Second, it needs to put those tables into a SQLite database for me to query. In
order to do this, let's walk over the table cells and build a tab-separated
table, then use SQLite's .import
to import the table.
function filter_main(doc)
for i,div in ipairs(doc.blocks) do
local t = { }
io.output(string.format("db/%s.tsv", div.attributes["sqlite_table_name"]))
for i,tble in ipairs(div.content) do
local head = { }
for i,cell in ipairs(tble.head.rows[1].cells) do
head[#head+1] = cell.contents[1].content[1].text
end
t[#t+1] = table.concat(head, "\t")
for i,row in ipairs(tble.bodies[1].body) do
local r = { }
for i,cell in ipairs(row.cells) do
if cell.contents[1] then
local c = { }
for i,content in ipairs(cell.contents[1].content) do
c[#c+1] = content.text
end
r[#r+1] = table.concat(c, " ")
else
r[#r+1] = ''
end
end
t[#t+1] = table.concat(r, "\t")
end
end
io.write(table.concat(t, "\n"))
end
os.exit(0)
end
return {
-- remove everything except tables
-- { -- the first filter we wrote
-- ...
-- },
-- save tables as files in `db/`
{
Pandoc = filter_main,
}
}
Please forgive the horror of this function. By returning a list of filters at
the end, we ask pandoc
to run the first filter then pass its results to the
second. In this way, the second filter will only be operating on Div
nodes
with the special sqlite_table_name
attribute. We write each markdown table
formatted as a tab-separated table into a file named db/<table name>.tsv
. In
this example, we're only dealing with one table, but my actual wiki has multiple
tables over multiple files.
Import into SQLite
Finally, I needed to import these TSV files into a SQLite database. The root of
my wiki has a justfile
for maintenance tasks, so this makes sense as a
just
recipe:
sql:
#!/usr/bin/env fish
rm db/*
pandoc -f markdown --lua-filter=extract-tables.lua *.md
for table in db/*.tsv
set -l table_name (basename -s '.tsv' $table)

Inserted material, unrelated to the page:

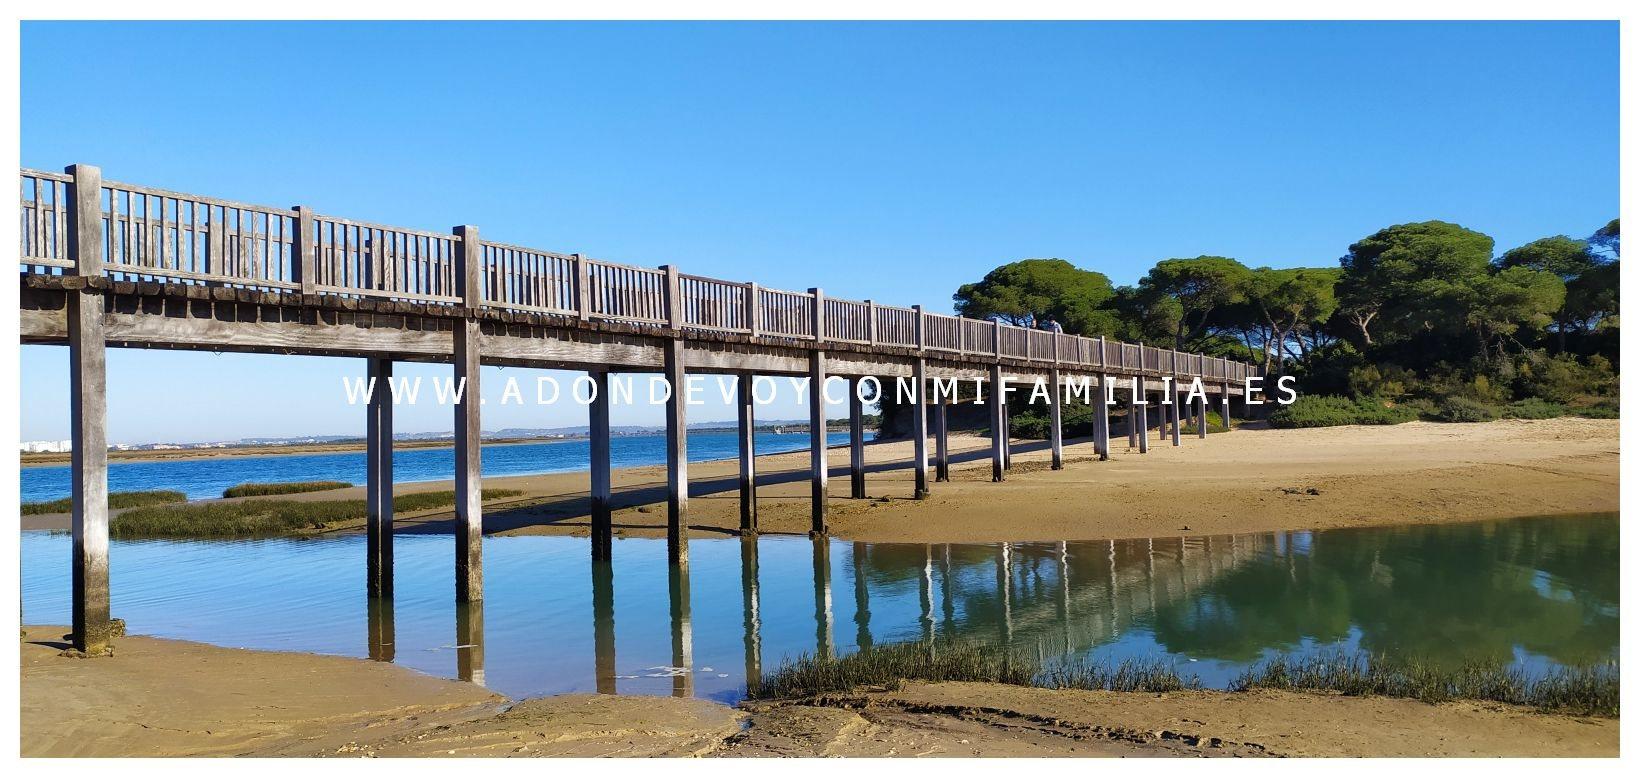 playa-rio-san-pedro-Adondevoyconmifamilia-01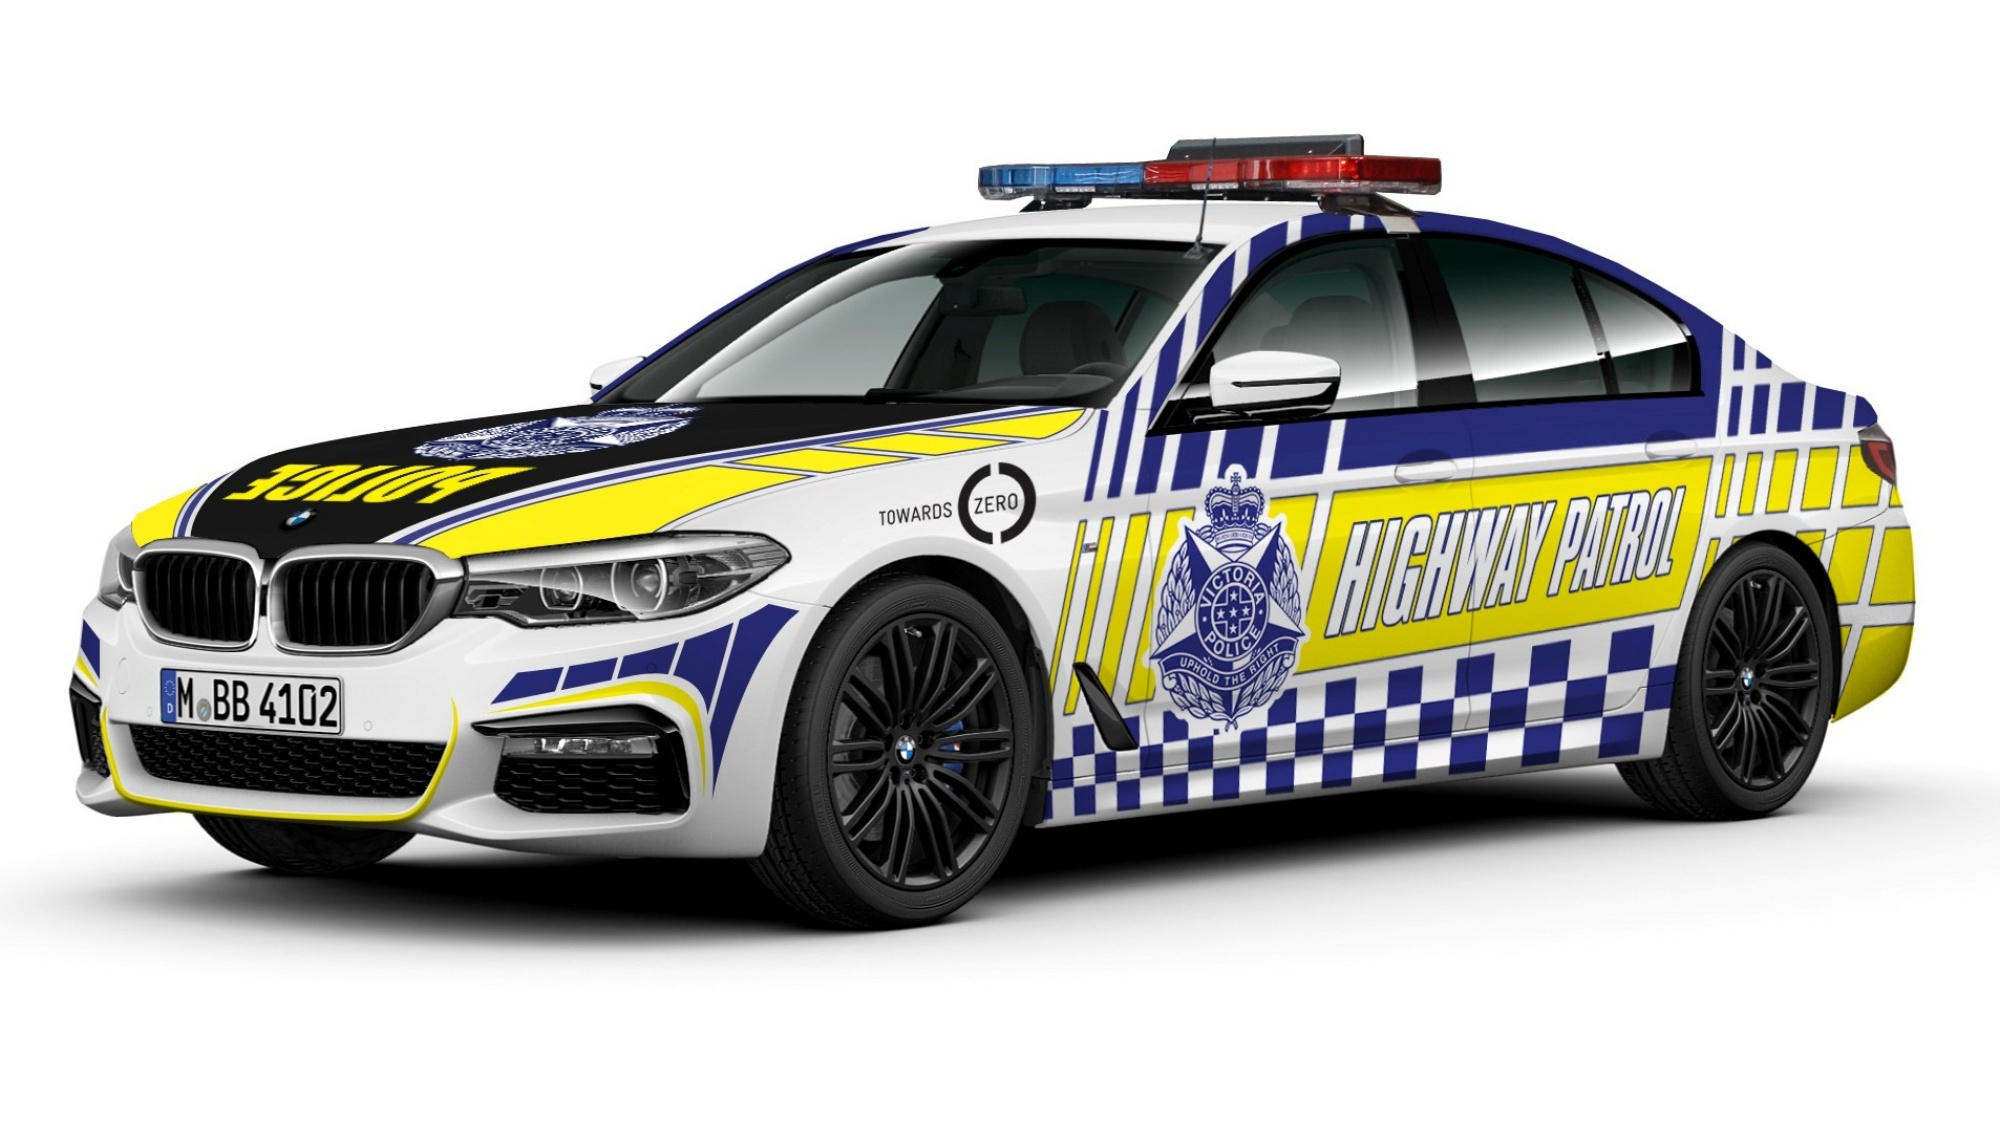 News - BMW & Victoria Police Unveil 530d Highway Patrol Cars

sqlite3 -tabs db/db.sql ".import $table $table_name"
end
sqlite3 -cmd ".mode markdown" db/db.sql
This recipe clears out old TSV files (so the database is generated on each run),
calls pandoc
with the filter, then iterates over the TSV files in db/
and
imports them into SQLite. Finally, it launches a SQLite shell with the new
database. Launching SQLite in Markdown mode isn't technically required, but I do
think it looks a little nicer.
Here's the final result:
$ just sql
SQLite version 3.48.0 2025-01-14 11:05:00
Enter ".help" for usage hints.
sqlite> SELECT *
FROM runs
WHERE Distance = '4.45'
ORDER BY Duration
LIMIT 1;
| Date | Duration | Distance | Notes |
|------------|----------|----------|-------|
| 2025-02-09 | 38:40.00 | 4.45 | |
Thoughts
Instead of maintaining these tables in Markdown, I could maintain them in a SQLite database and write the reverse of the filters above, extracting all my runs when I convert the Markdown to HTML. That seemed like it would be a little less ergonomic for me, but I'll think on it.
I think it would be very ergonomic to also put some metadata on the column headers indicating my desired datatype on the SQL side. I think I could use bracketed spans to accomplish this, but I didn't try it.